▶ **TASK PROMPT**:
The listing below holds a line with "#11 Bryant Bull" and a line with "This Man Drives". Reproduce those two lines exactly, plus everything between them.

▶ **SOURCE MATERIAL**:

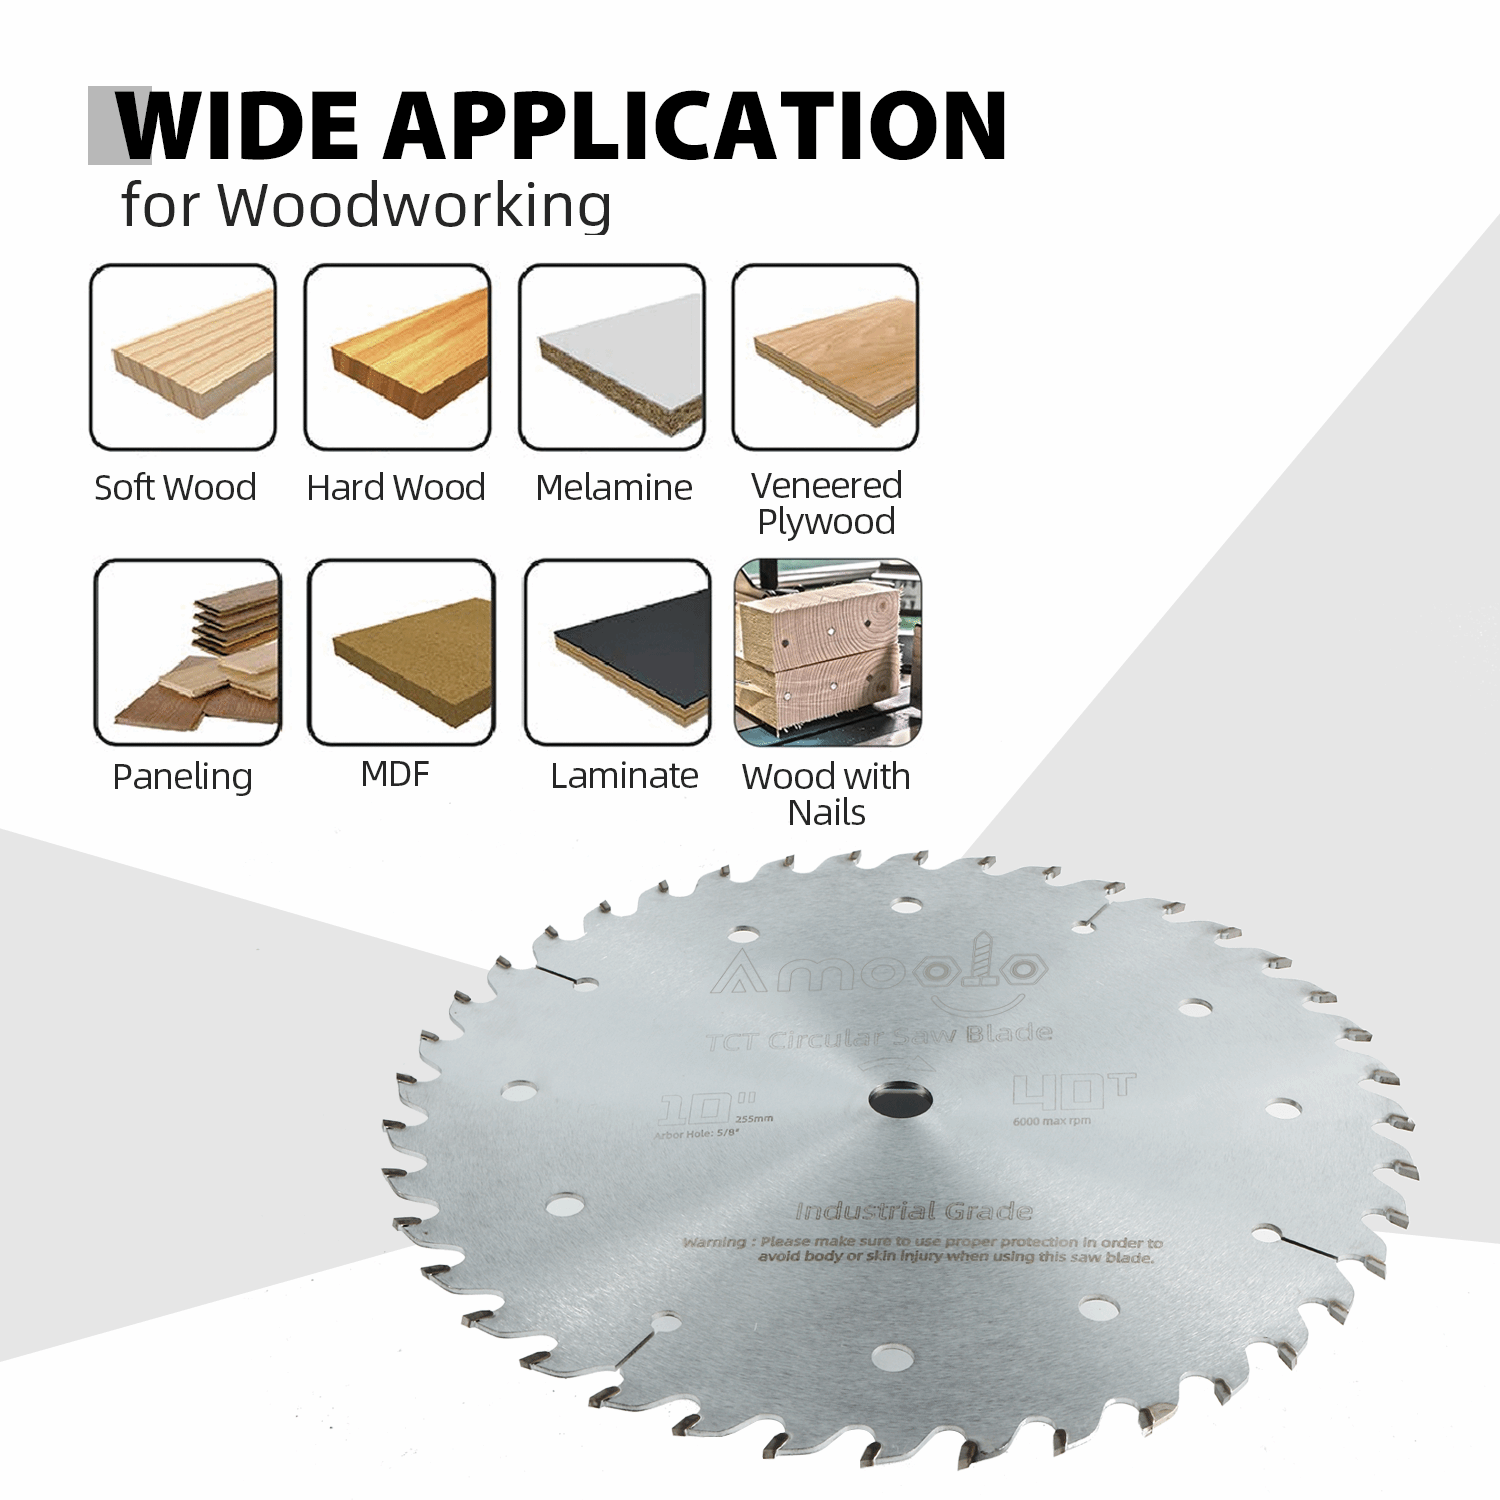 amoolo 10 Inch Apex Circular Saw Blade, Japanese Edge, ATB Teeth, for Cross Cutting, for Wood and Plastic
* * *
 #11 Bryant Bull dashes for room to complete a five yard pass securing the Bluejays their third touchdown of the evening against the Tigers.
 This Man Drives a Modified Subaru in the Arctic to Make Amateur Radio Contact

▶ **OUTPUT**:
 #11 Bryant Bull dashes for room to complete a five yard pass securing the Bluejays their third touchdown of the evening against the Tigers.
 This Man Drives a Modified Subaru in the Arctic to Make Amateur Radio Contact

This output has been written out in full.